# [Supplied entries]

-*-*-

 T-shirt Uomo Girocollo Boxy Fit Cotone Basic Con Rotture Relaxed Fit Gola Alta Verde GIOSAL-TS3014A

-*-*-

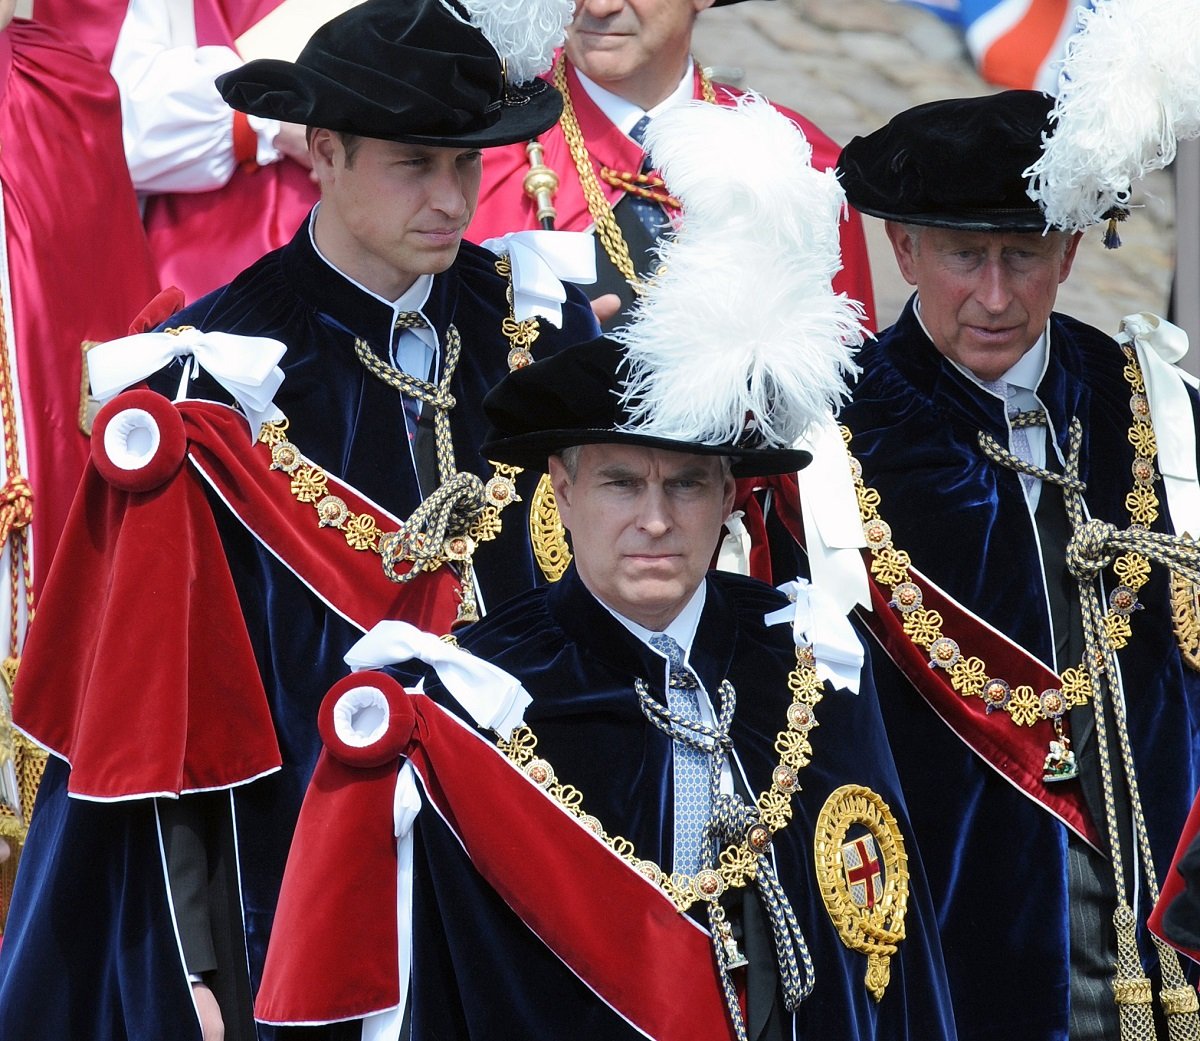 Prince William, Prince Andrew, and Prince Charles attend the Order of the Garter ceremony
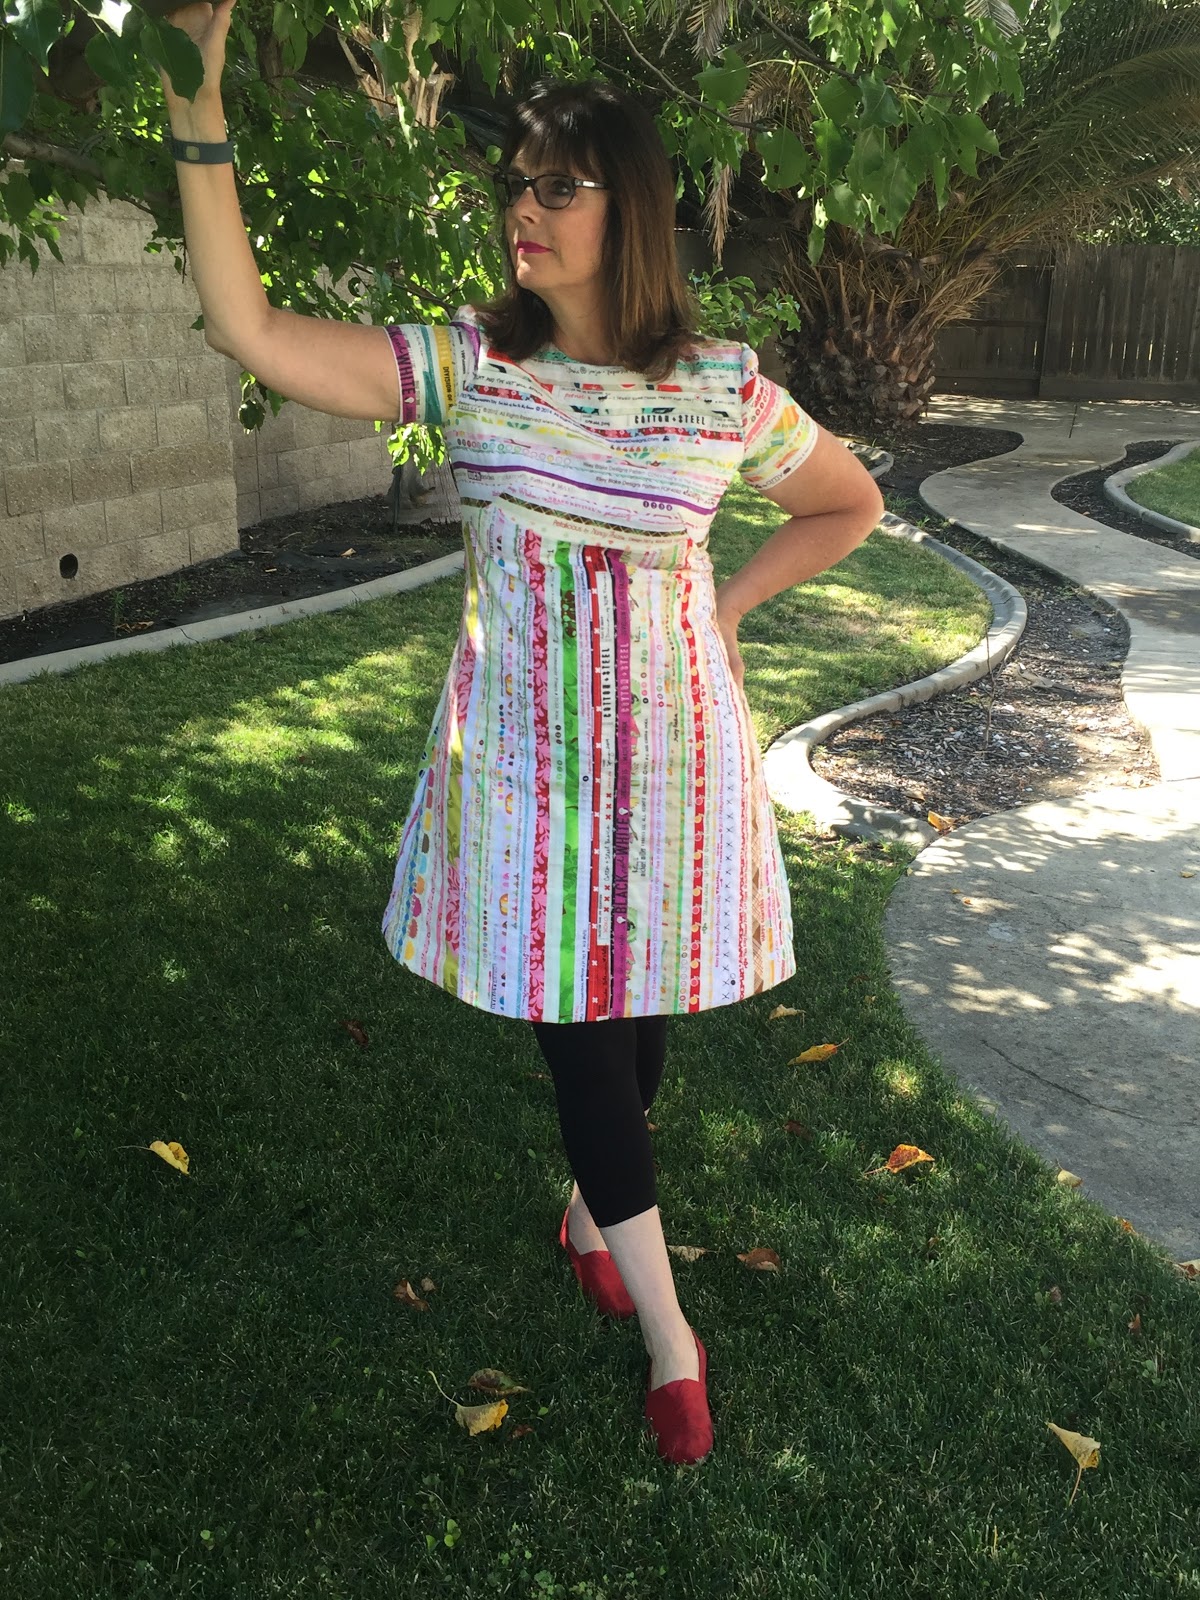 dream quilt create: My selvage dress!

-*-*-

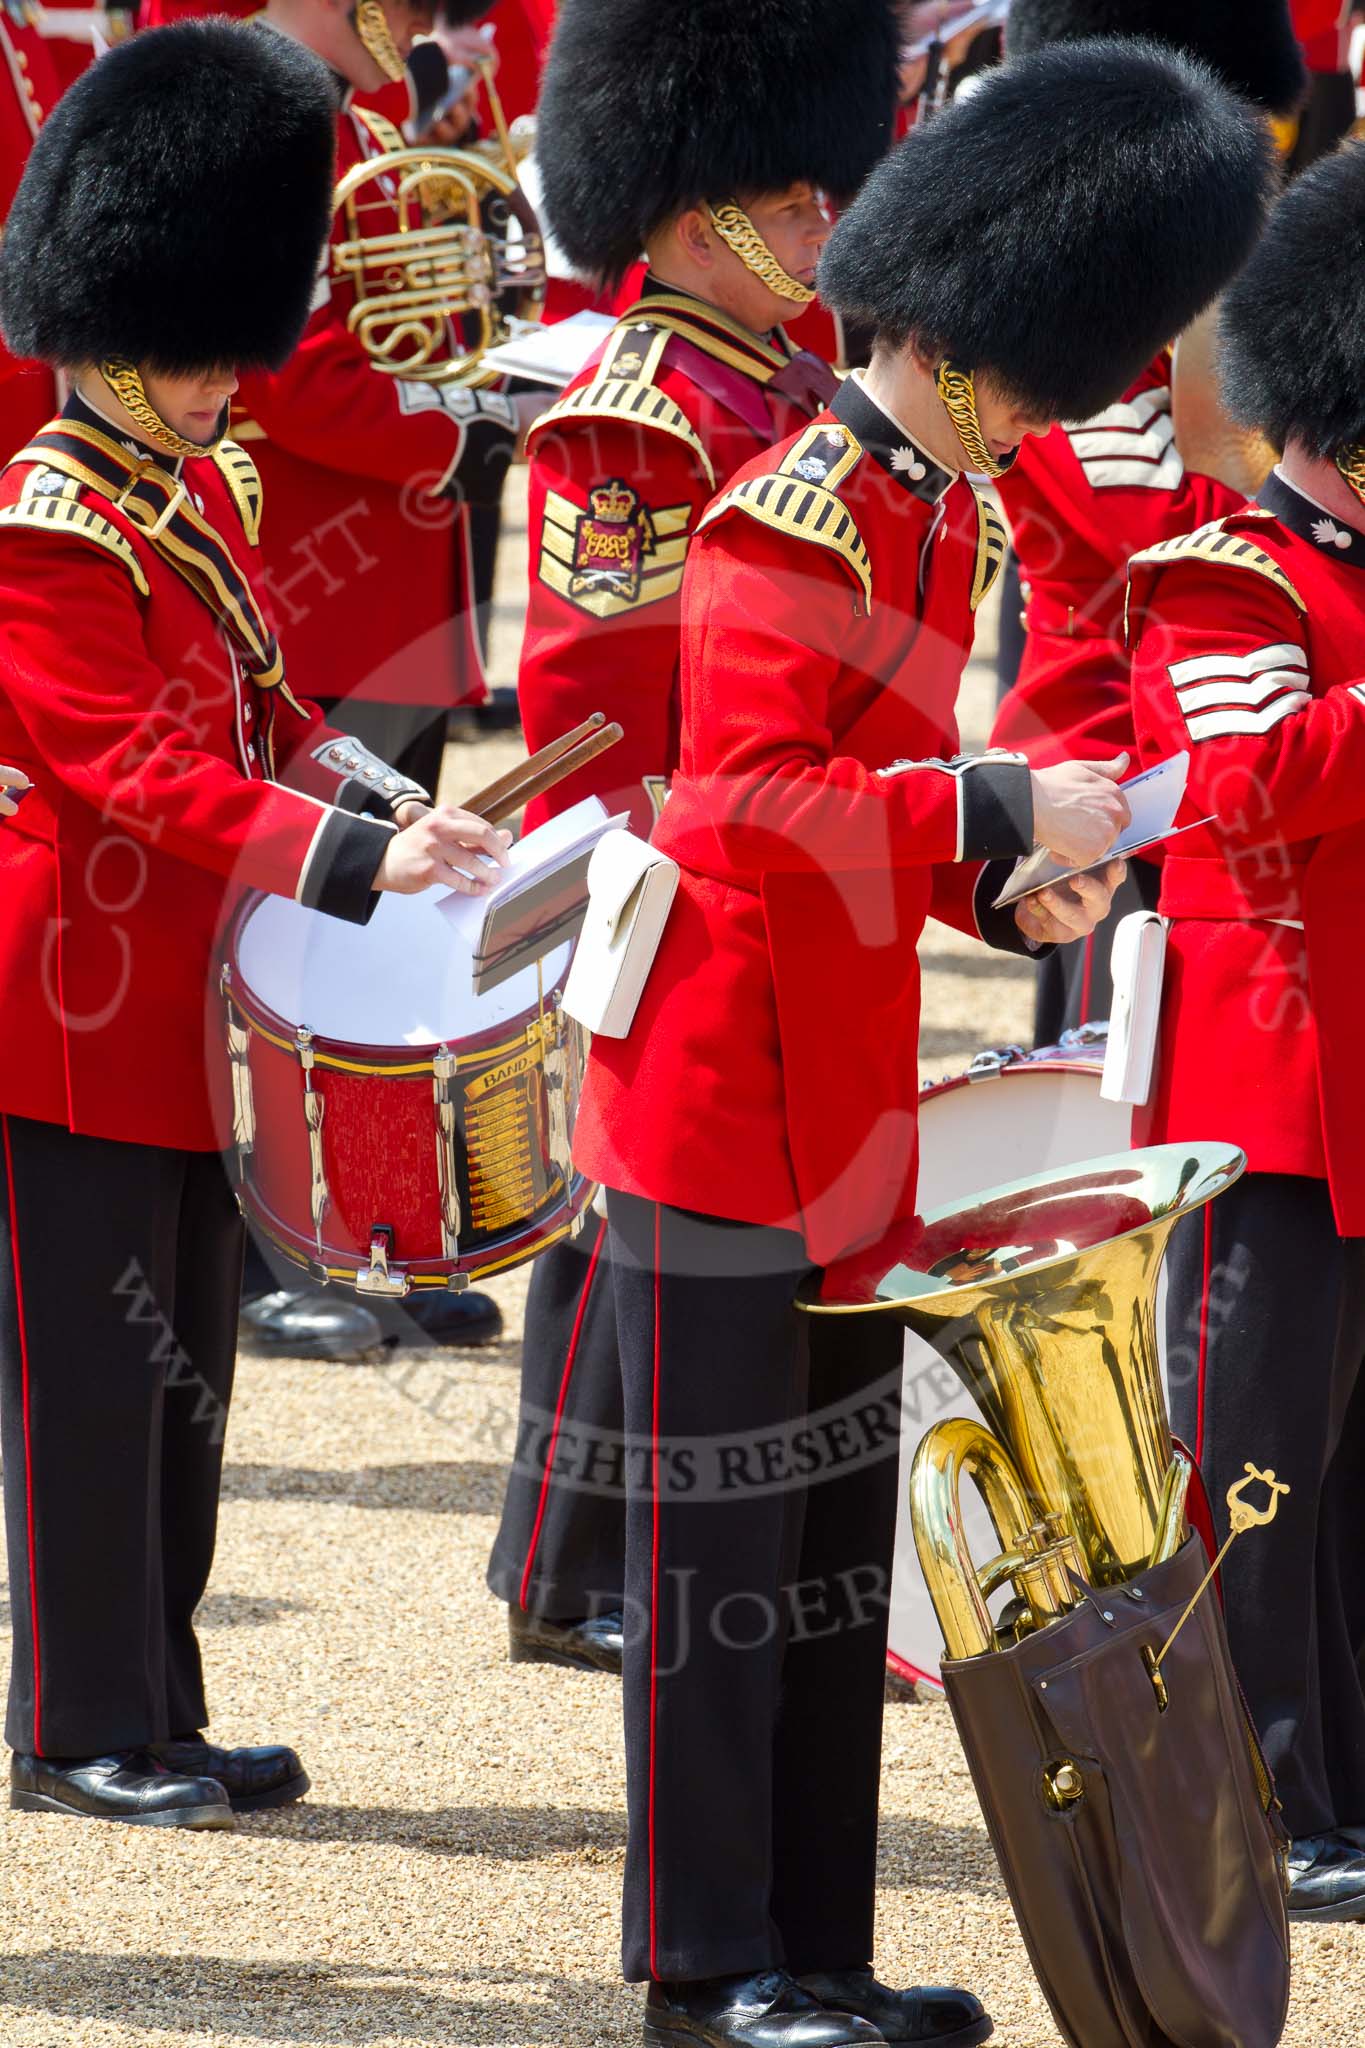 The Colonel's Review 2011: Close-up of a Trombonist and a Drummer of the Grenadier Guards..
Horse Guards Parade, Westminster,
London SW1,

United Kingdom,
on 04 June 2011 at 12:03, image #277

-*-*-

# [How to complete this task]
With pictures omitted, repeat the entries above word for word from the line holding "The Colonel's Review" down to the line holding "on 04 June 2011 at 12:03, image #277", keeping both of those lines.

# [Exercise solution]
 The Colonel's Review 2011: Close-up of a Trombonist and a Drummer of the Grenadier Guards..
Horse Guards Parade, Westminster,
London SW1,

United Kingdom,
on 04 June 2011 at 12:03, image #277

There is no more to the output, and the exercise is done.